• [Description of the task]:
The material below includes pictures; leave them out and return only the lines between the line containing "Alsino Kiste Mini" and the line containing "Hirundo rustica - Swallow", inclusive, word for word.
Exercise data: Begin
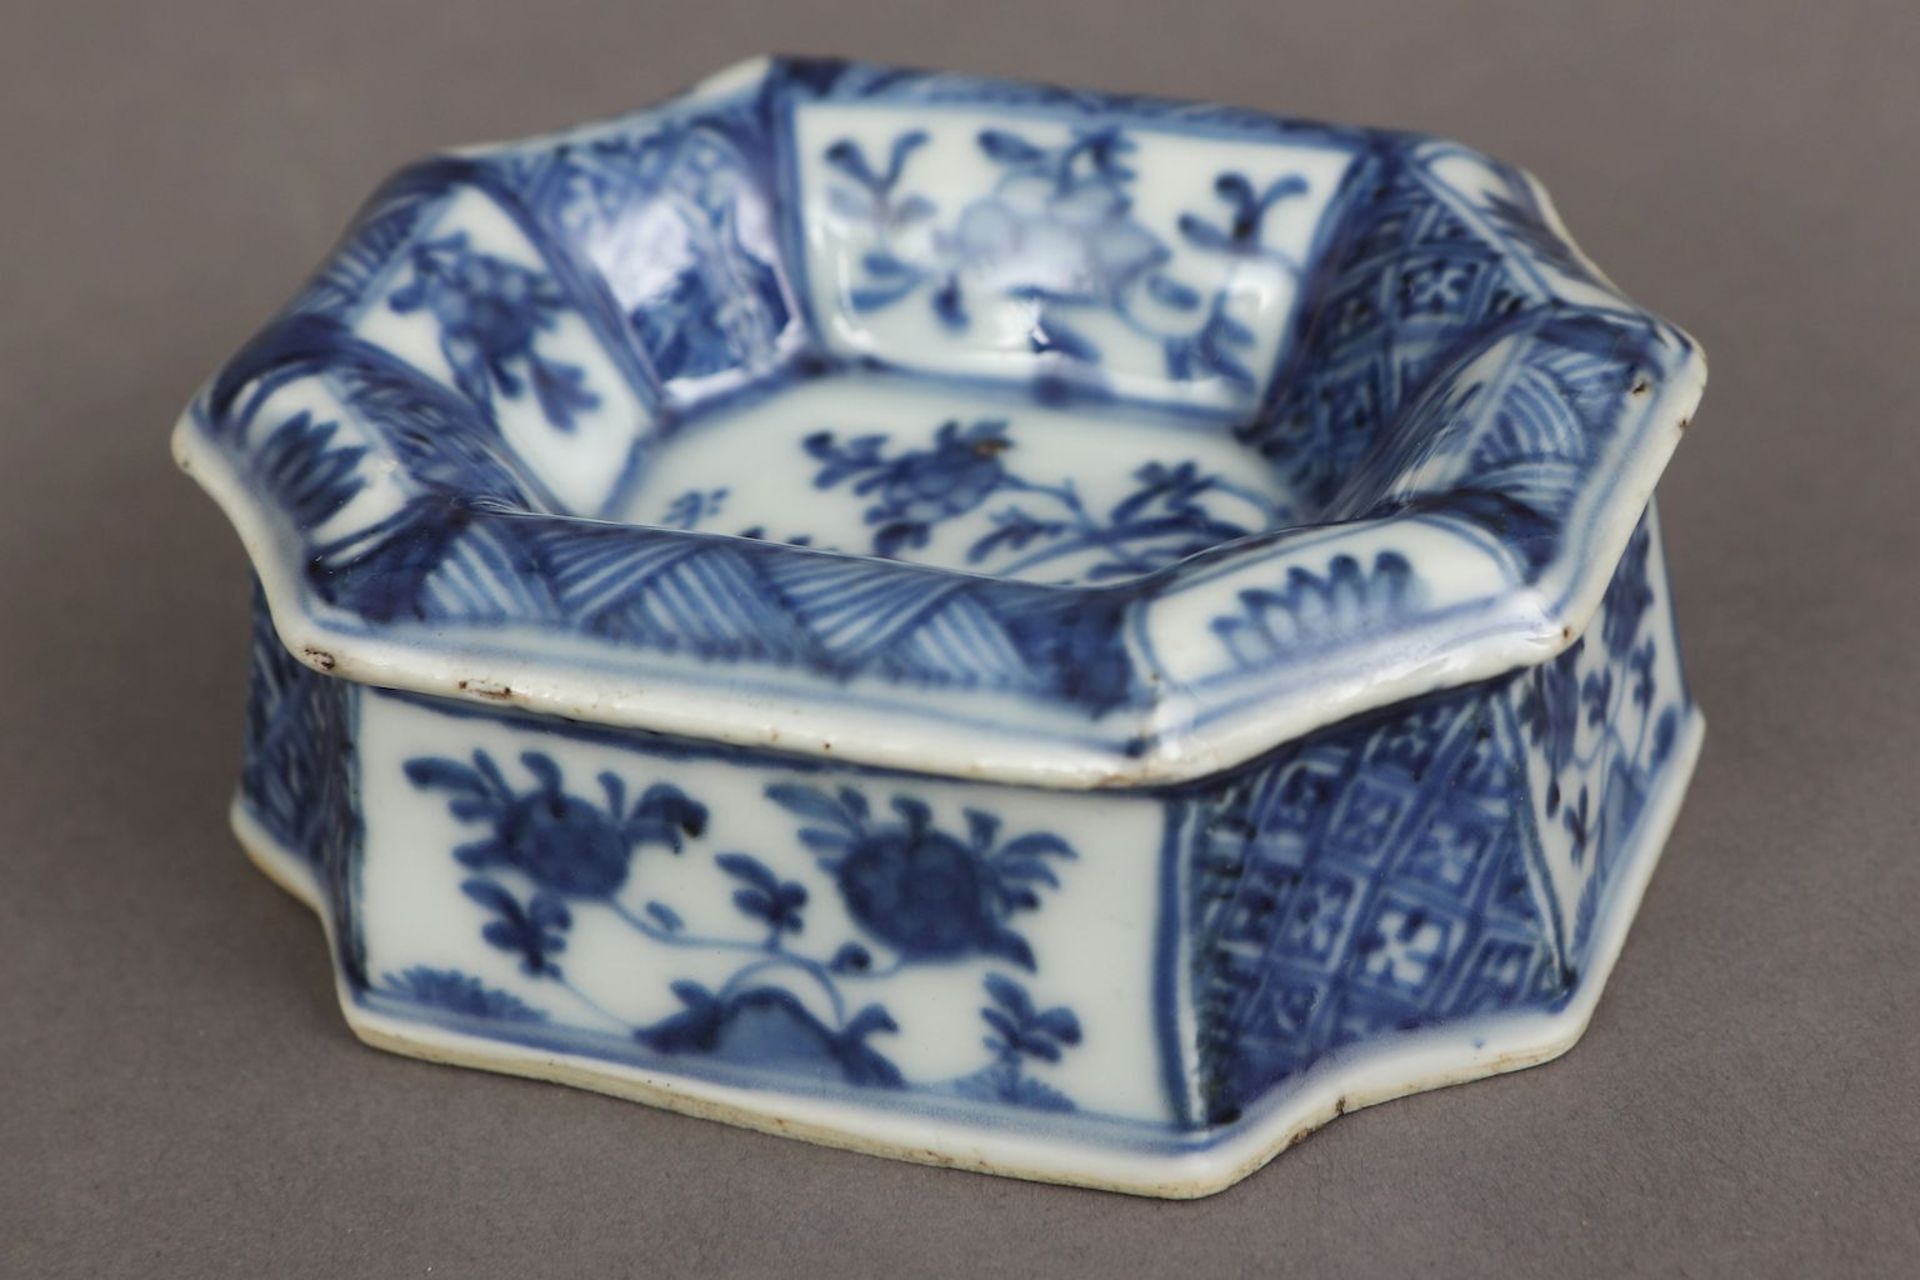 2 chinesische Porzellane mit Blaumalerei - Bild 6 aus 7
Exercise data: End
Exercise data: Begin
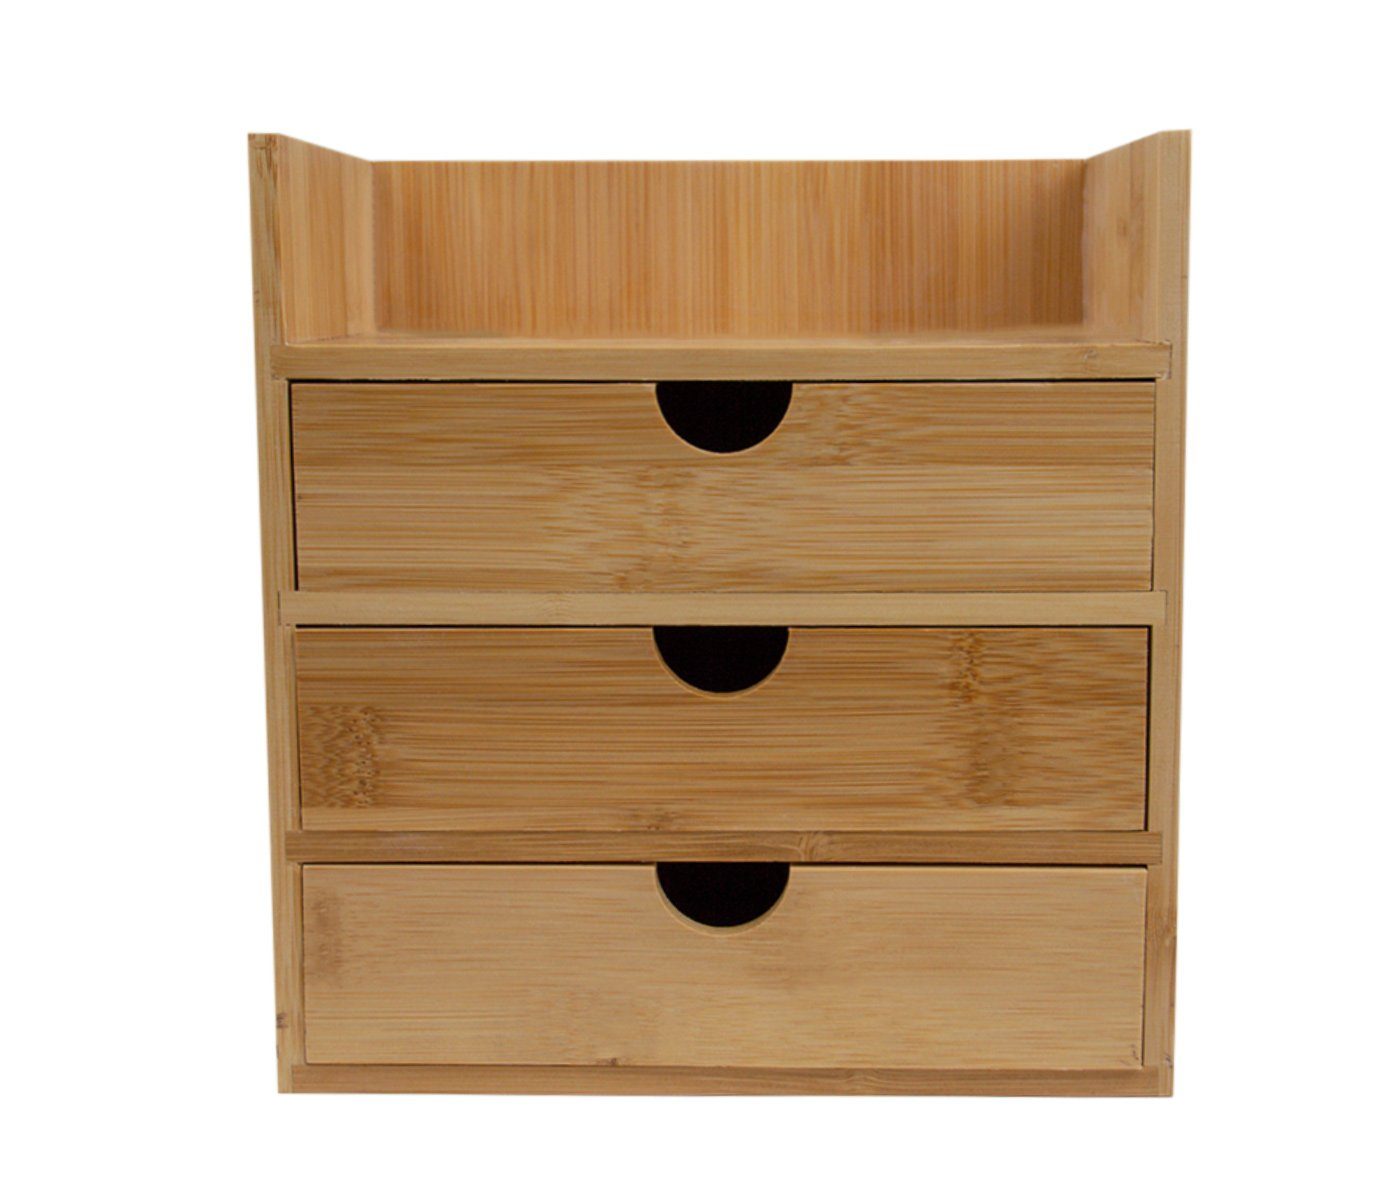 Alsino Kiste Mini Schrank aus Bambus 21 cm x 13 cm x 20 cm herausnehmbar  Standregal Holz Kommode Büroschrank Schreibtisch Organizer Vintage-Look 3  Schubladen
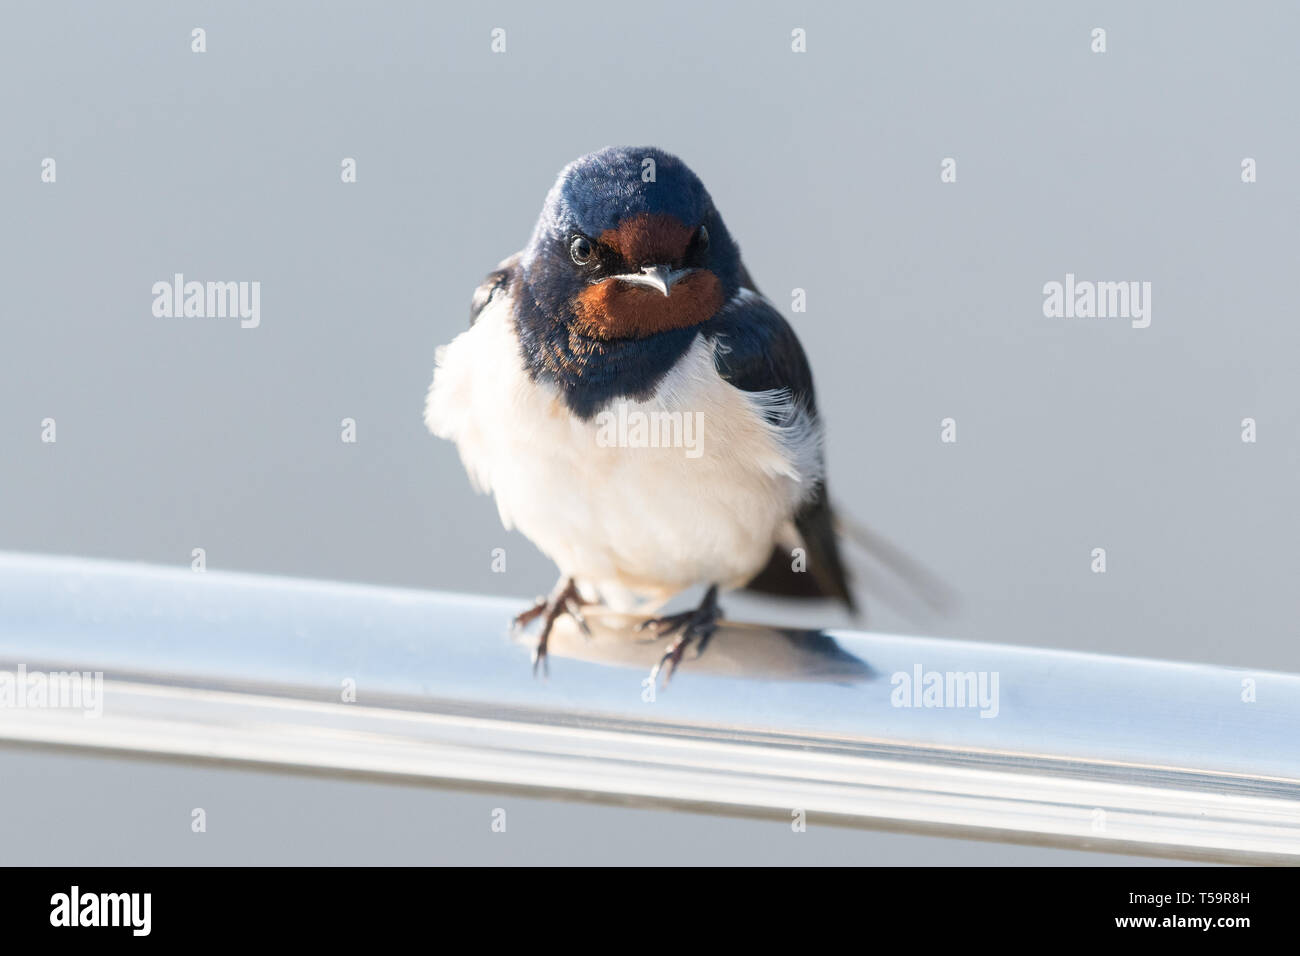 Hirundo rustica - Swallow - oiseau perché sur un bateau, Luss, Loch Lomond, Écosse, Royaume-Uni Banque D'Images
Exercise data: End
Exercise data: Begin
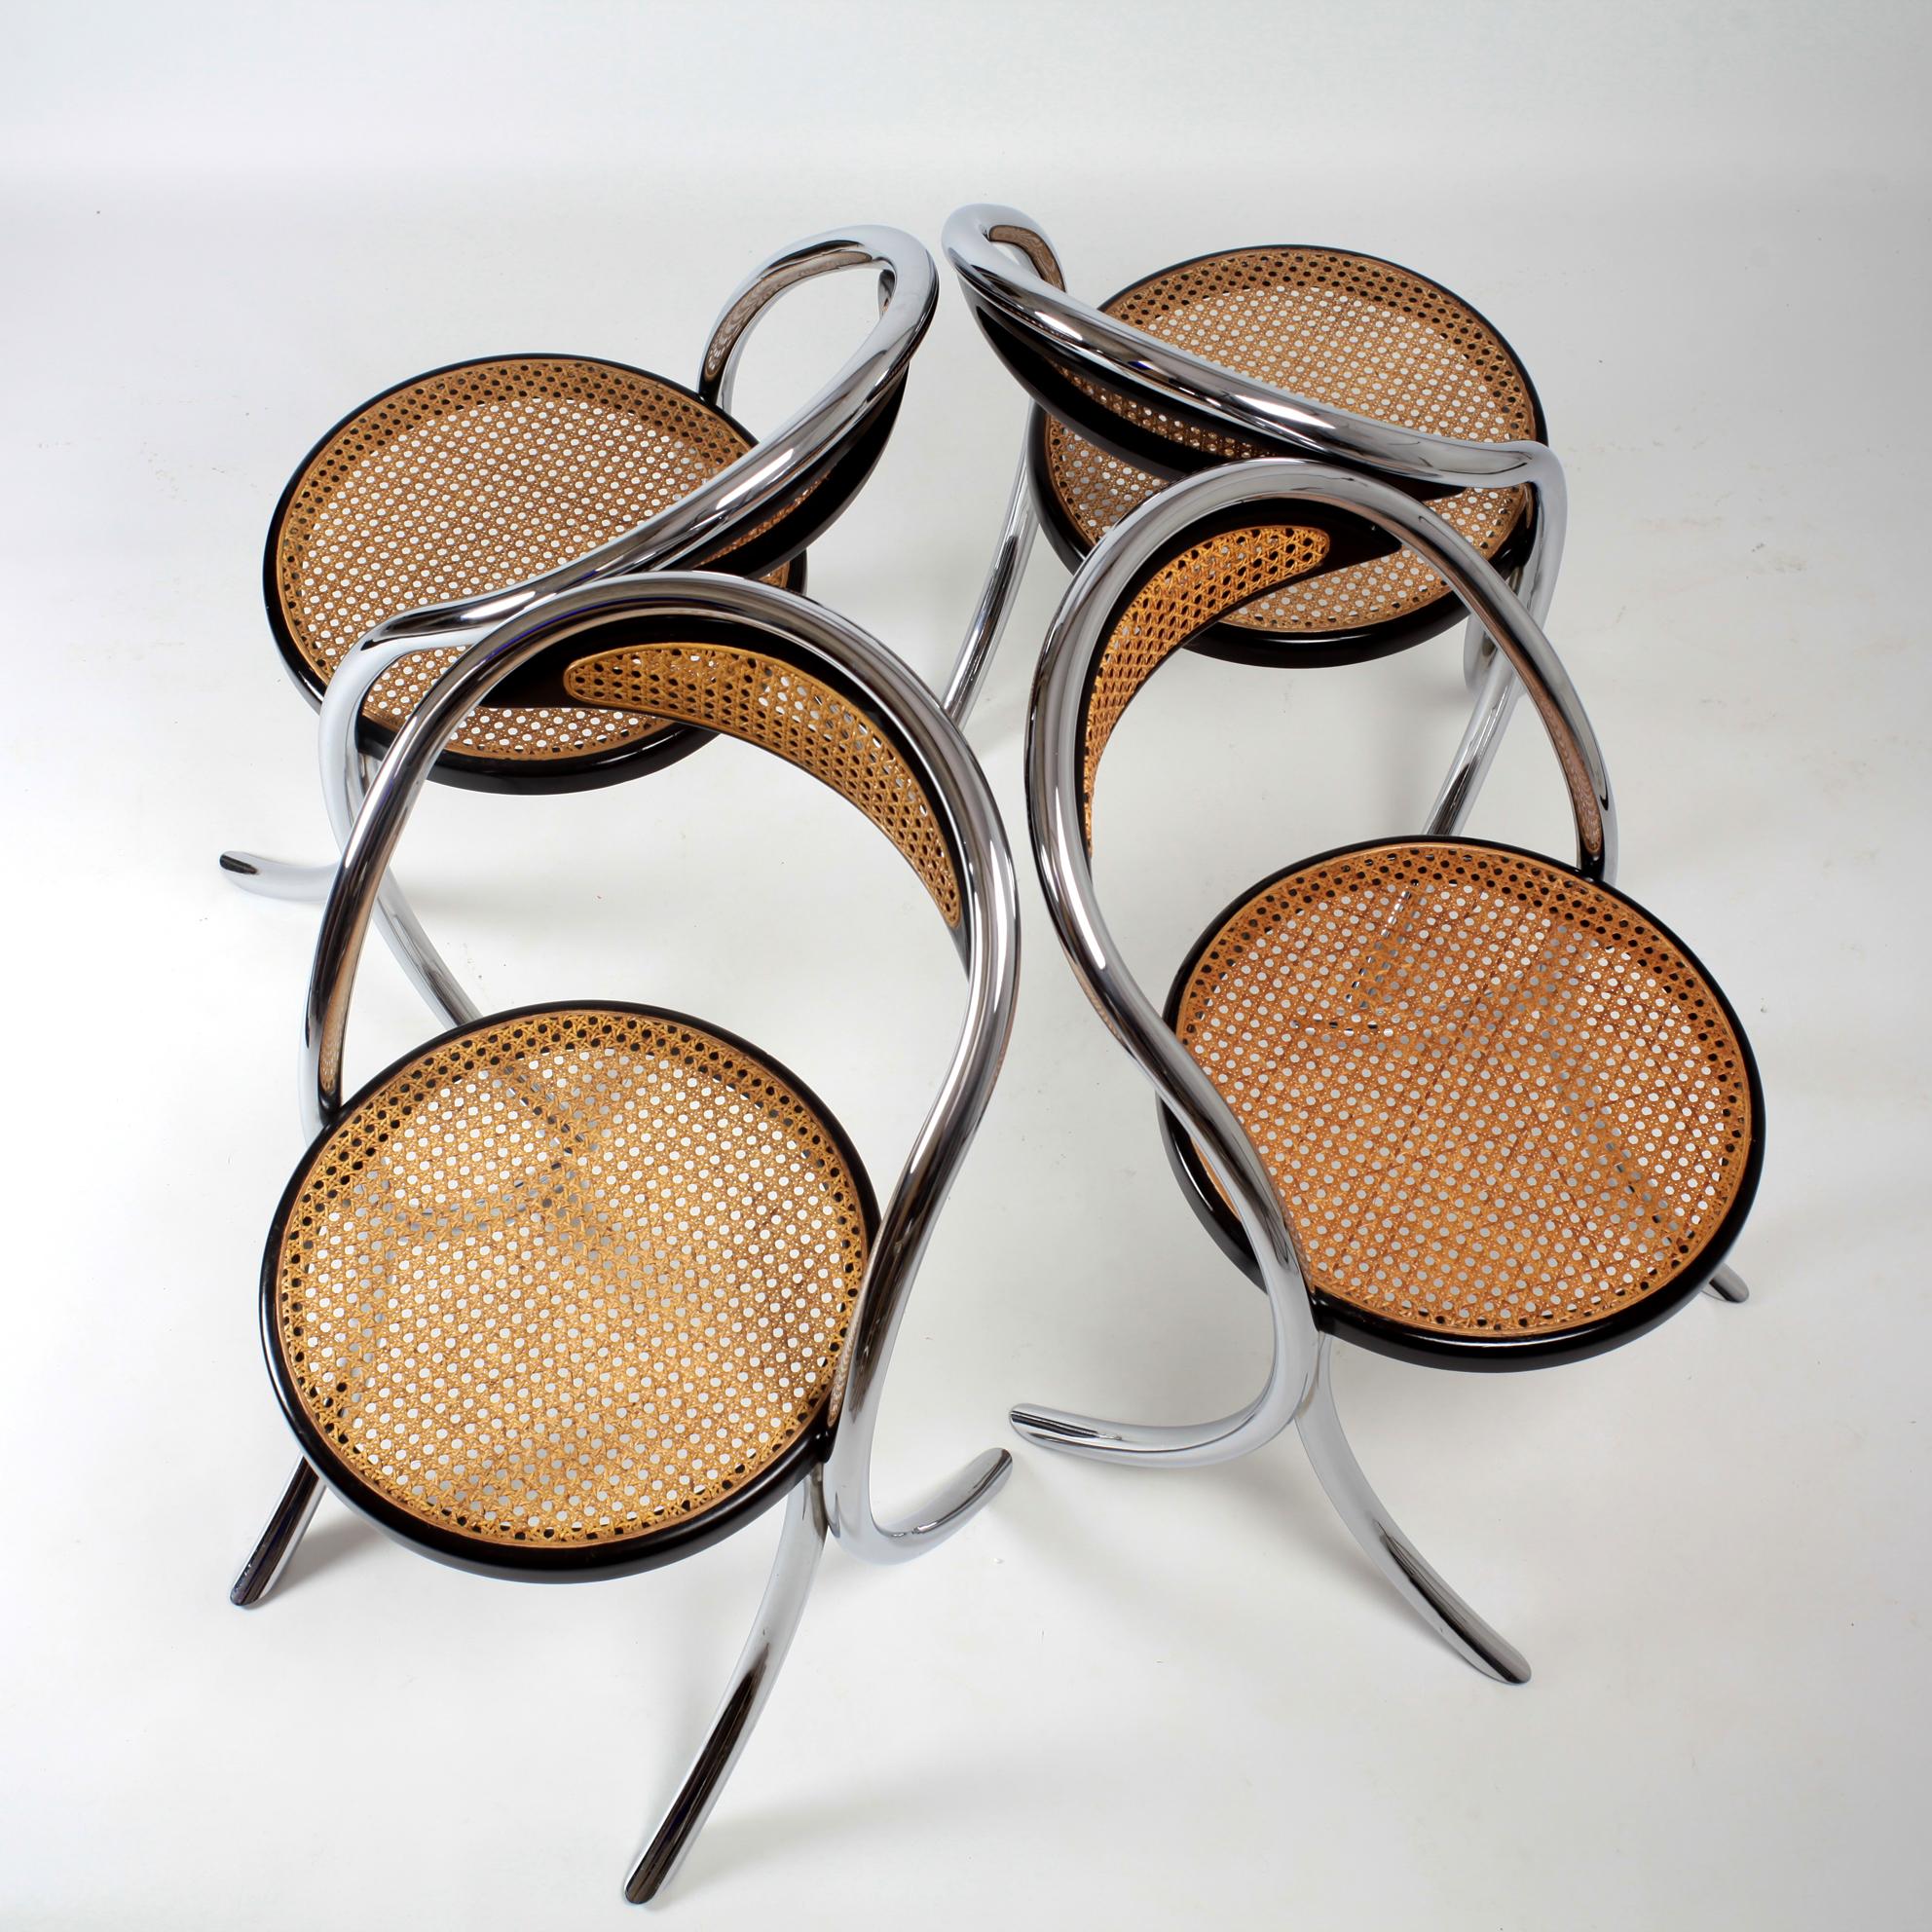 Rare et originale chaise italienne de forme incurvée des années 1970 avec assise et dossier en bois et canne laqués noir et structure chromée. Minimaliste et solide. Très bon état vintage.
Exercise data: End
• [Response for this exercise]:
 Alsino Kiste Mini Schrank aus Bambus 21 cm x 13 cm x 20 cm herausnehmbar  Standregal Holz Kommode Büroschrank Schreibtisch Organizer Vintage-Look 3  Schubladen
 Hirundo rustica - Swallow - oiseau perché sur un bateau, Luss, Loch Lomond, Écosse, Royaume-Uni Banque D'Images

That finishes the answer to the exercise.